▶ Problem requirements
From first line to last, transcribe the listing exactly and skip any image.

▶ Data extract
____

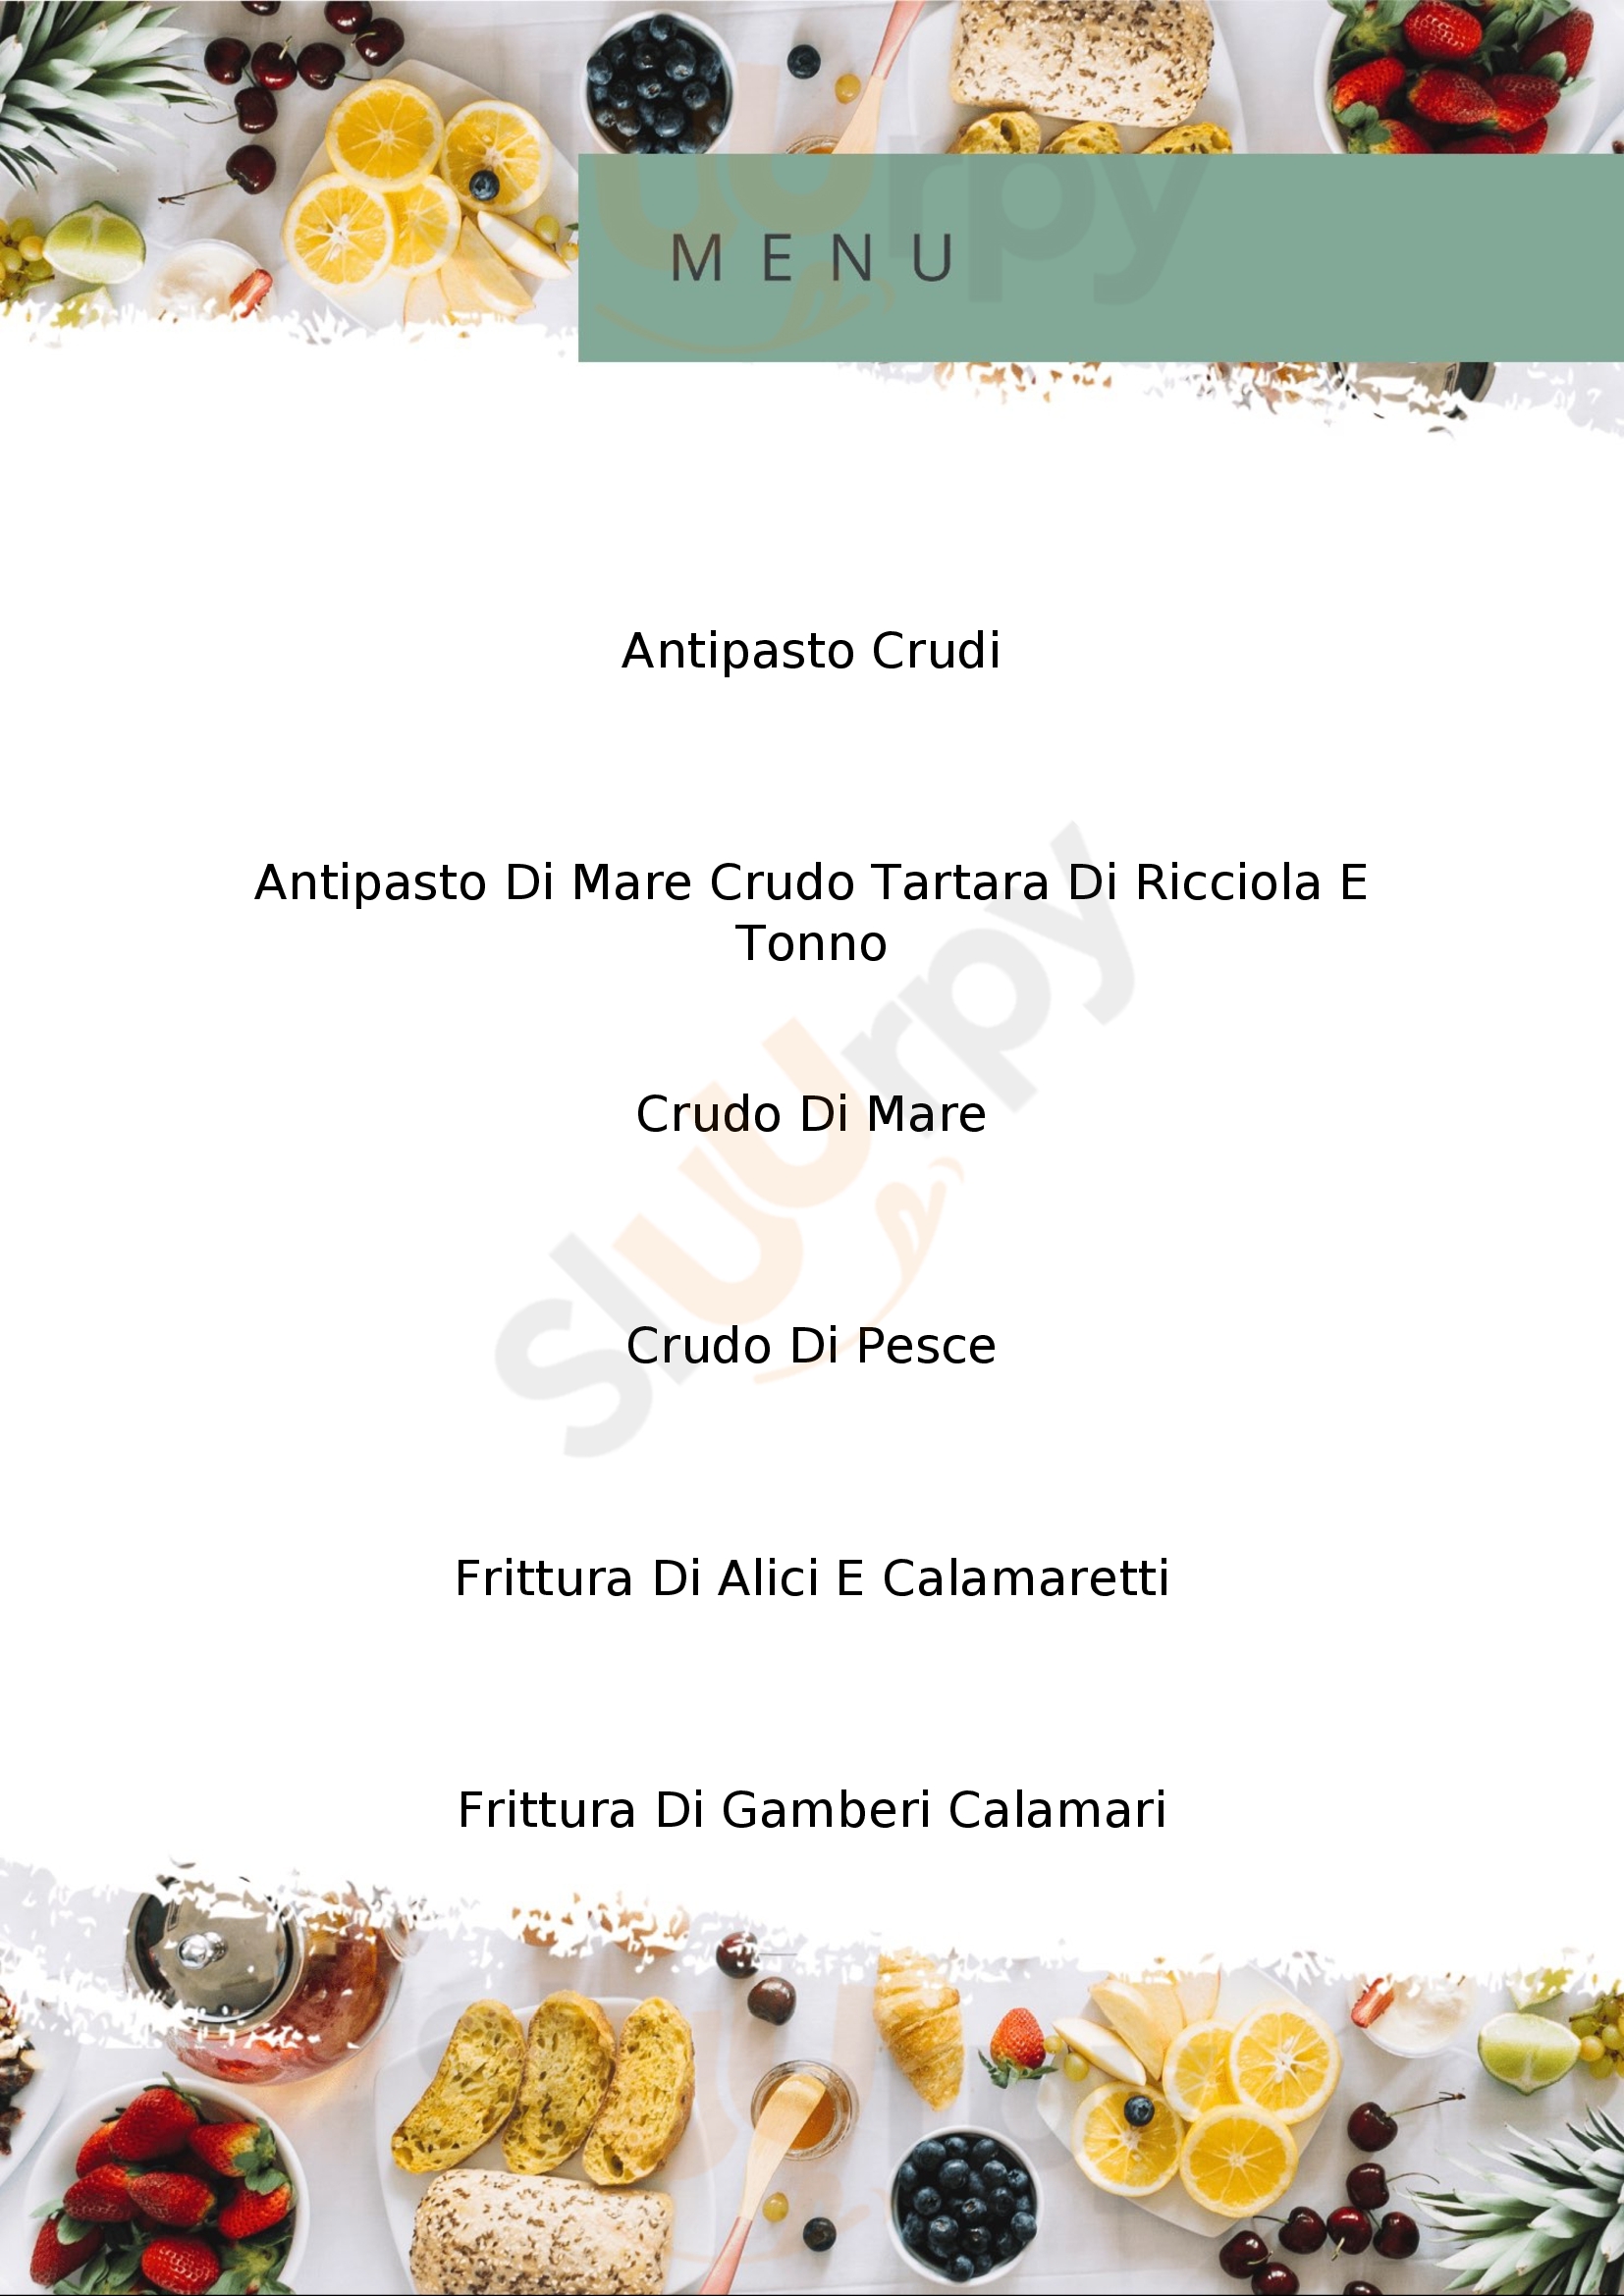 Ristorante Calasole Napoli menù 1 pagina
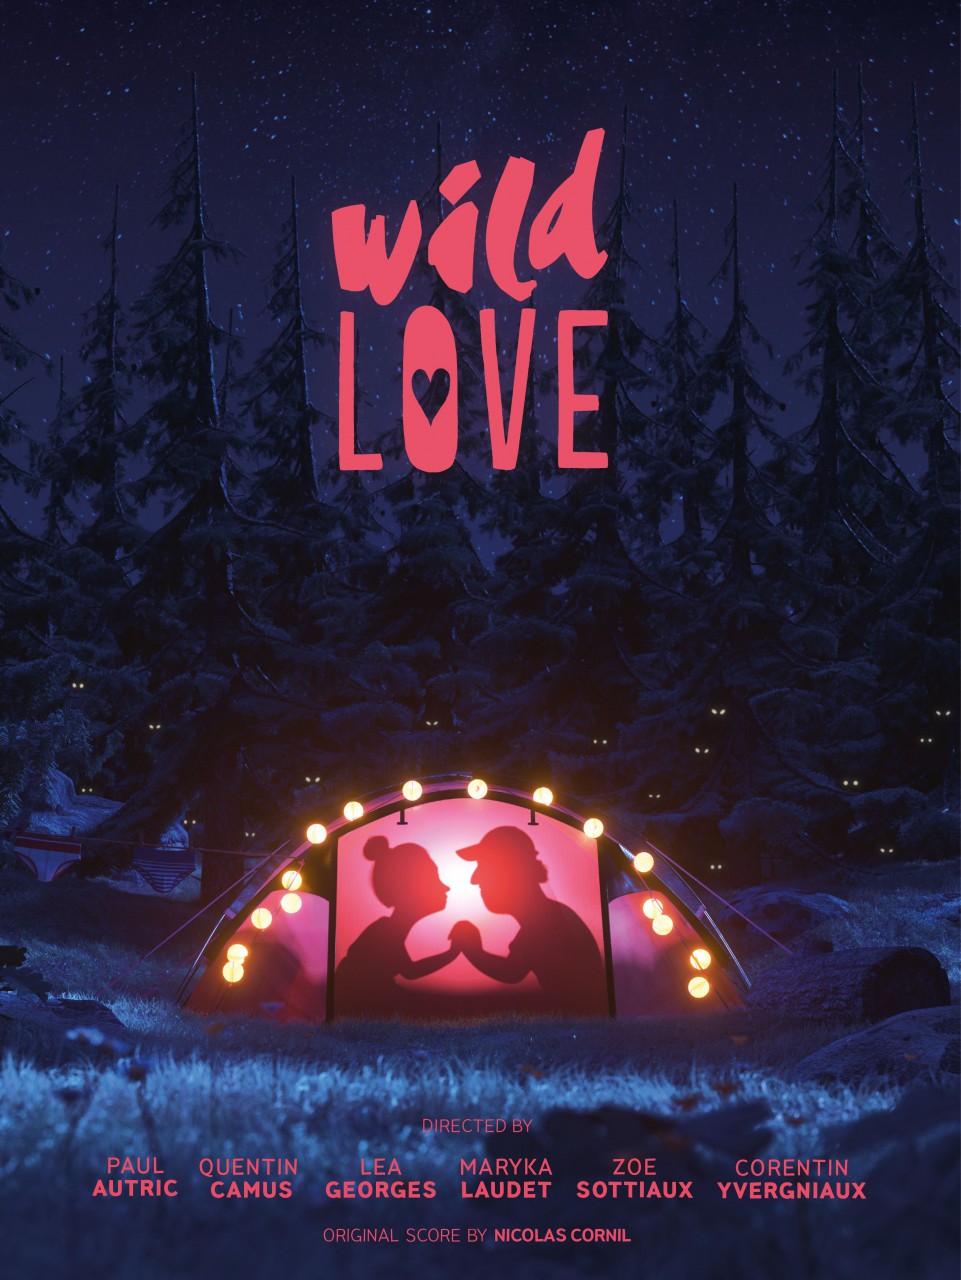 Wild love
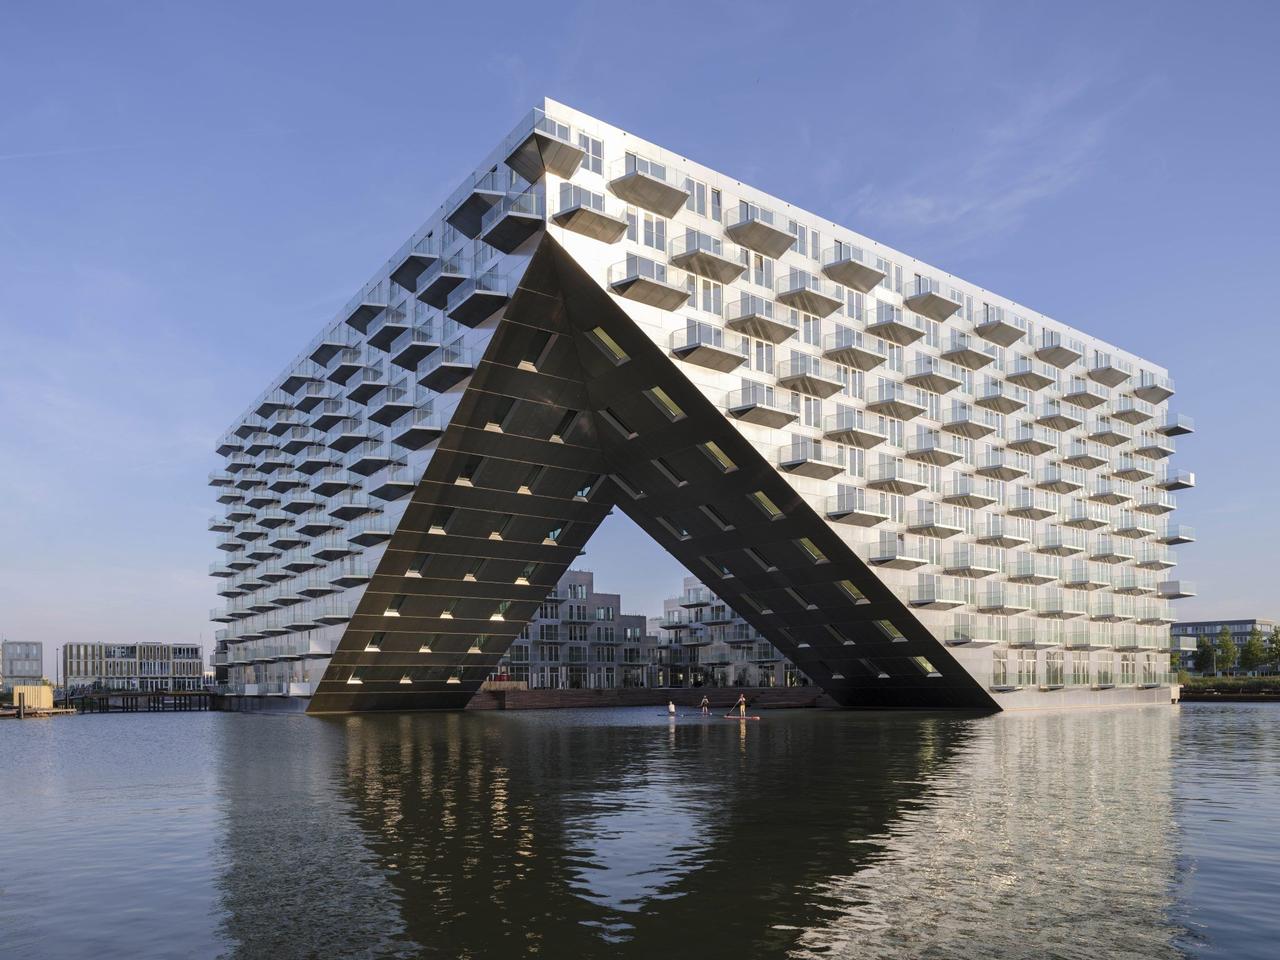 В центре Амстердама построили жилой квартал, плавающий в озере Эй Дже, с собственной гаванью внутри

____

▶ Finished exercise
 Ristorante Calasole Napoli menù 1 pagina
 Wild love
 В центре Амстердама построили жилой квартал, плавающий в озере Эй Дже, с собственной гаванью внутри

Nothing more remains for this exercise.